18. An in vitro method for predicting whether a patient would be responsive to a treatment with an anti-HER2 antibody or a HER2 blocking agent comprising determining the expression level of at least 4 genes in a biological sample of said patient, wherein said genes are GPR22, PEX19, GRHL2 and DERL1.

19. The method of claim 18, wherein the patient has a HER2-positive cancer.

20. The method of claim 18, wherein the patient has breast cancer.

21. The method of claim 18, wherein the HER2 blocking agent is an anti-HER2 antibody.

22. The method of claim 21, wherein the anti-HER2 antibody is trastuzumab.

23. The method of claim 18, wherein said method predicts whether a patient would be responsive to a treatment with a HER2 blocking agent in combination with a taxane.

24. The method of claim 18, further comprising the step of comparing the combined expression level of said genes with reference values obtained from responder and non-responder groups of patients.

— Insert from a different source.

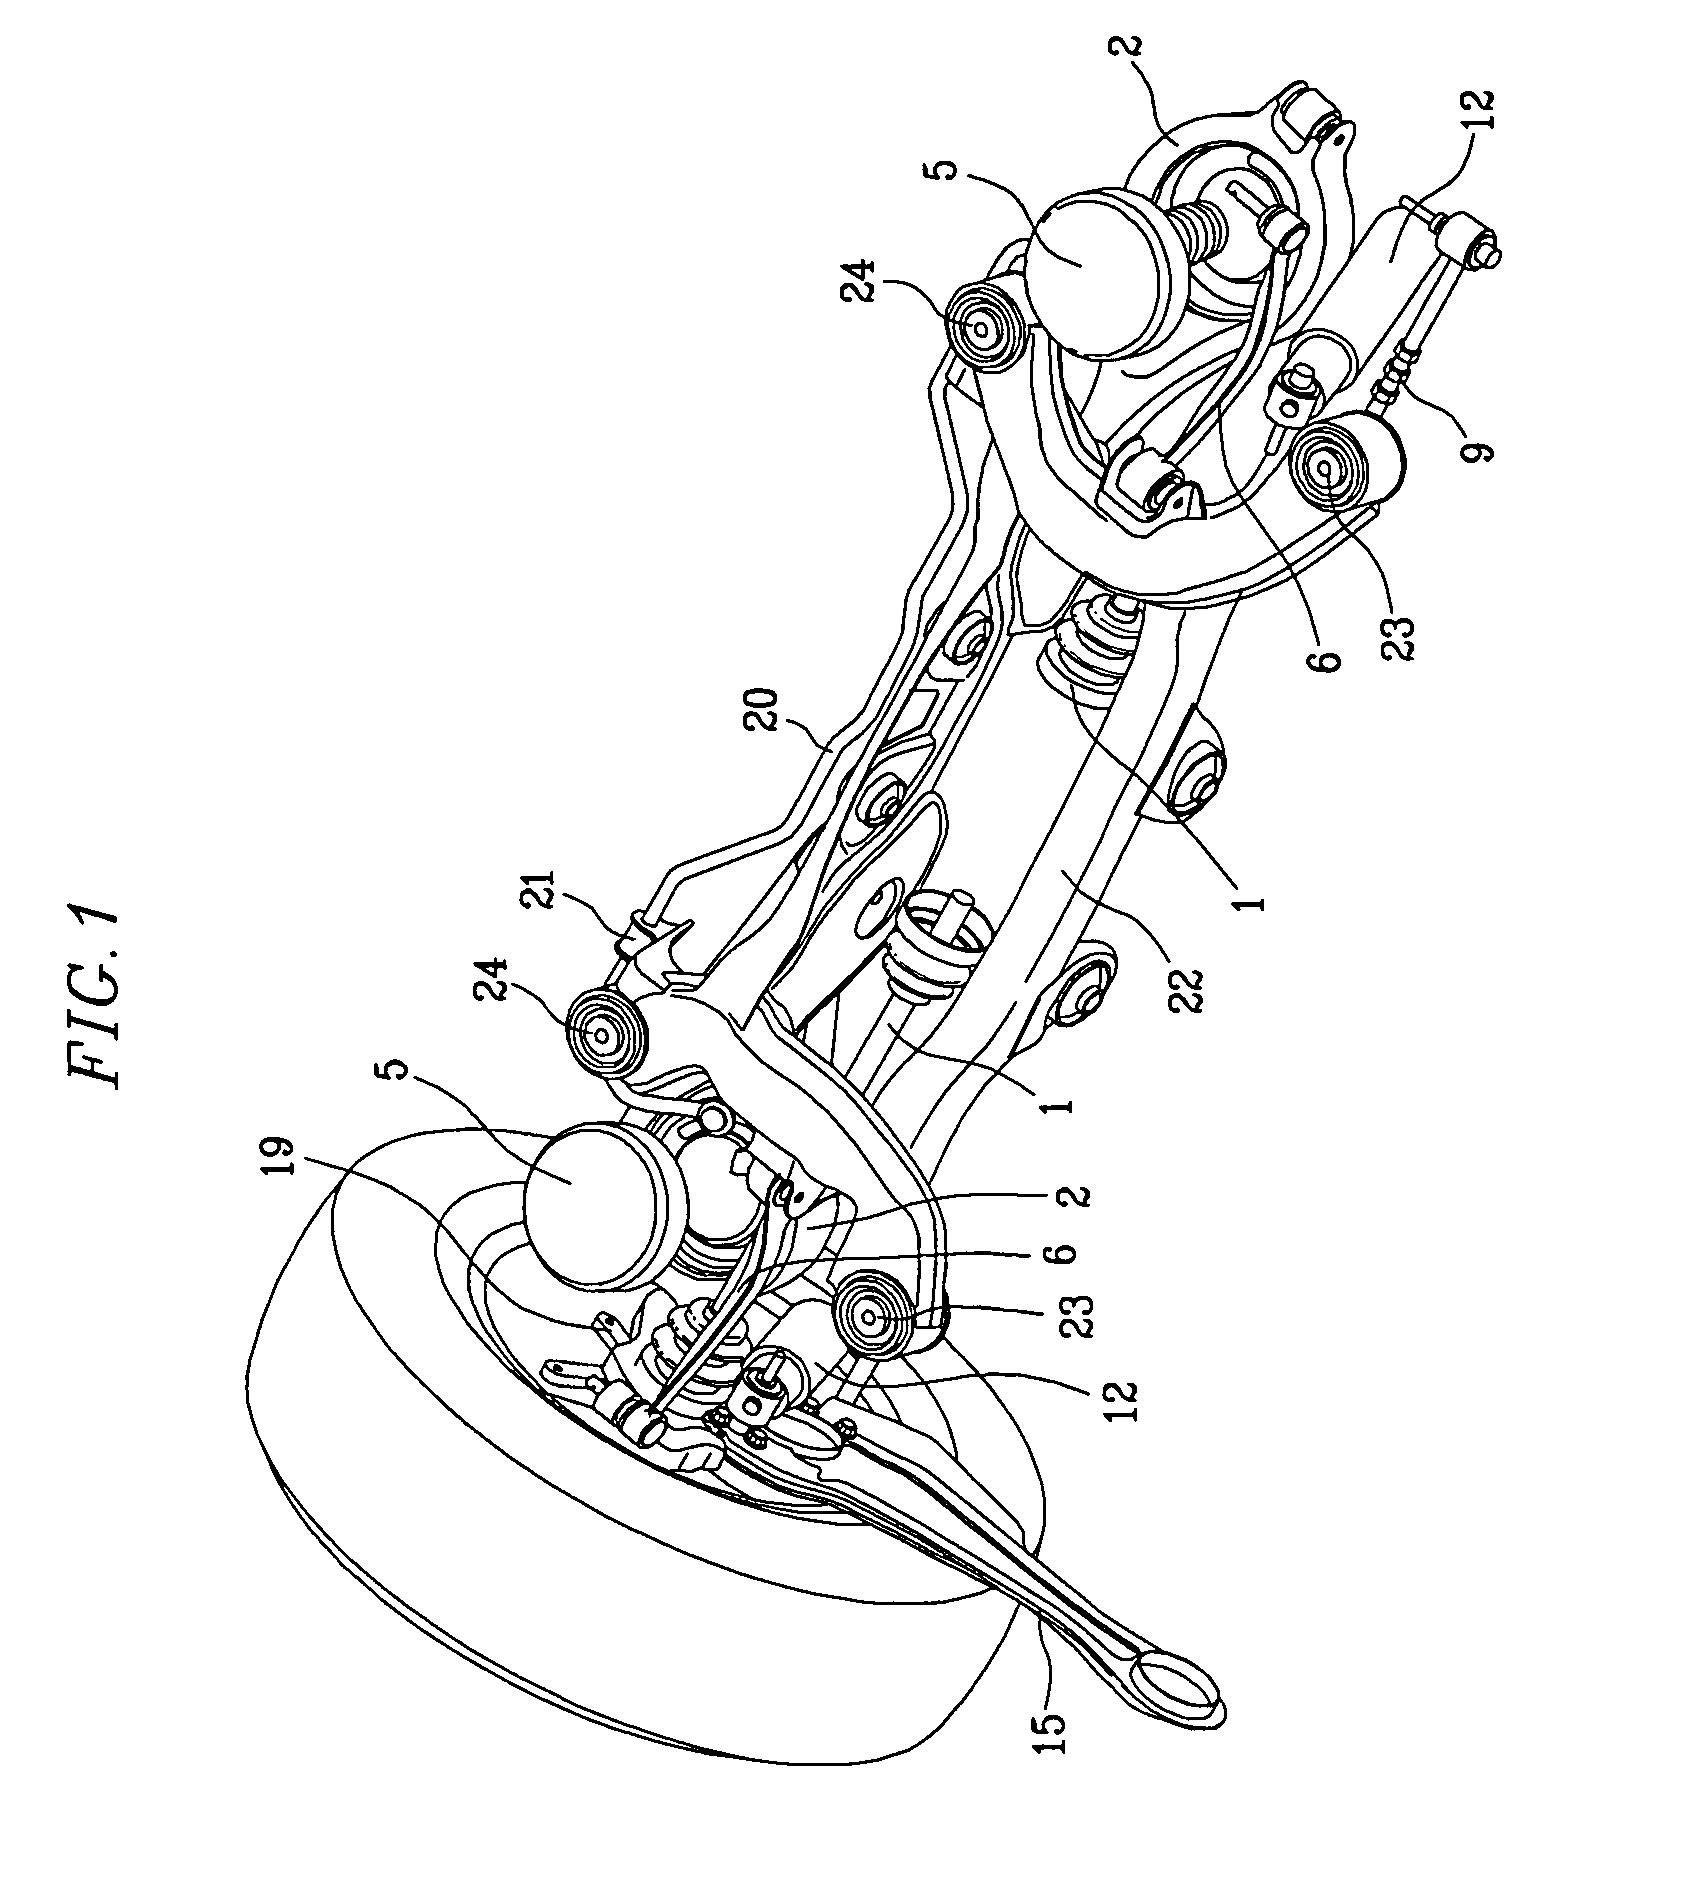 Rear wheel suspension apparatus

25. The method of claim 18, wherein the biological sample is a diseased tissue sample.

26. The method of claim 18, wherein the expression level is determined by quantifying the level of mRNA of said genes in the biological sample.

27. The method of claim 26, wherein the expression level is determined by real-time quantitative or semi-quantitative RT-PCR.

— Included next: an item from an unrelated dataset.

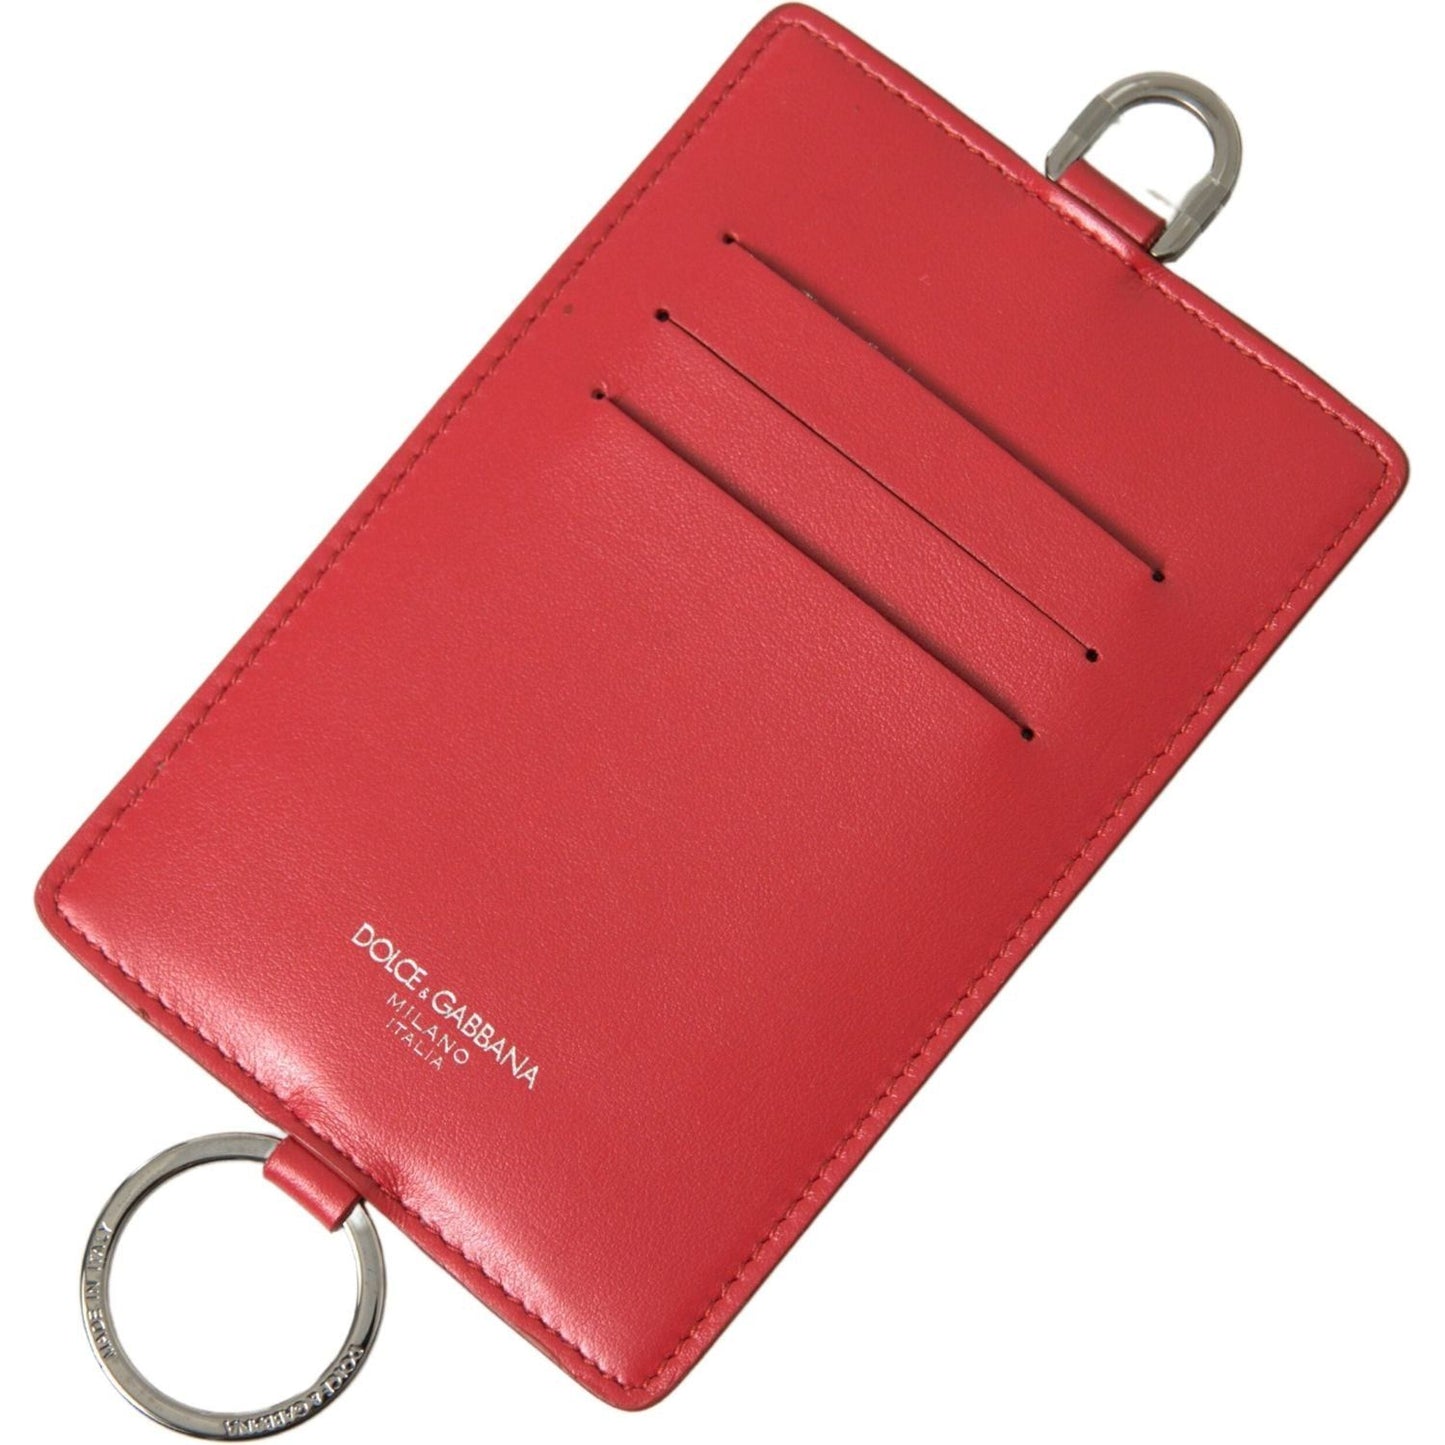 Dolce & Gabbana Elegant Red Leather Lanyard Card Holder red-leather-lanyard-logo-card-holder-men-wallet 465A4553-scaled-634046bb-13e.jpg

28. The method of claim 26, wherein the expression level is determined using a DNA chip.

29. The method of claim 18, further comprising determining the expression level of the transcripts listed in Table B, or of a subcombination thereof.

30. The method of claim 26, further comprising determining the expression level of any or all of the transcripts listed in Table C.

31. A DNA chip comprising a solid support which comprises nucleic acids that are specific to GPR22, PEX19, GRHL2 and DERL1 genes.

32. The chip of claim 31, said chip further comprising nucleic acids that are specific to any or all of the transcripts listed in Table B, or a subcombination thereof.

33. The chip of claim 32, said chip further comprising nucleic acids that are specific to any or all of the transcripts listed in Table C.

34. A method for treating a patient with a HER2-related disease, which method comprises: predicting whether a patient would be responsive to a treatment with an anti-HER2 antibody, which method comprises determining the expression level of at least 4 genes in a biological sample of said patient, wherein said genes are GPR22, PEX19, GRHL2 and DERL1, which classifies as responder to a treatment with a HER2 blocking agent and administering a HER2 specific antibody to a patient classified as a responder.

35. The method of claim 34, wherein the HER2-related disease is cancer.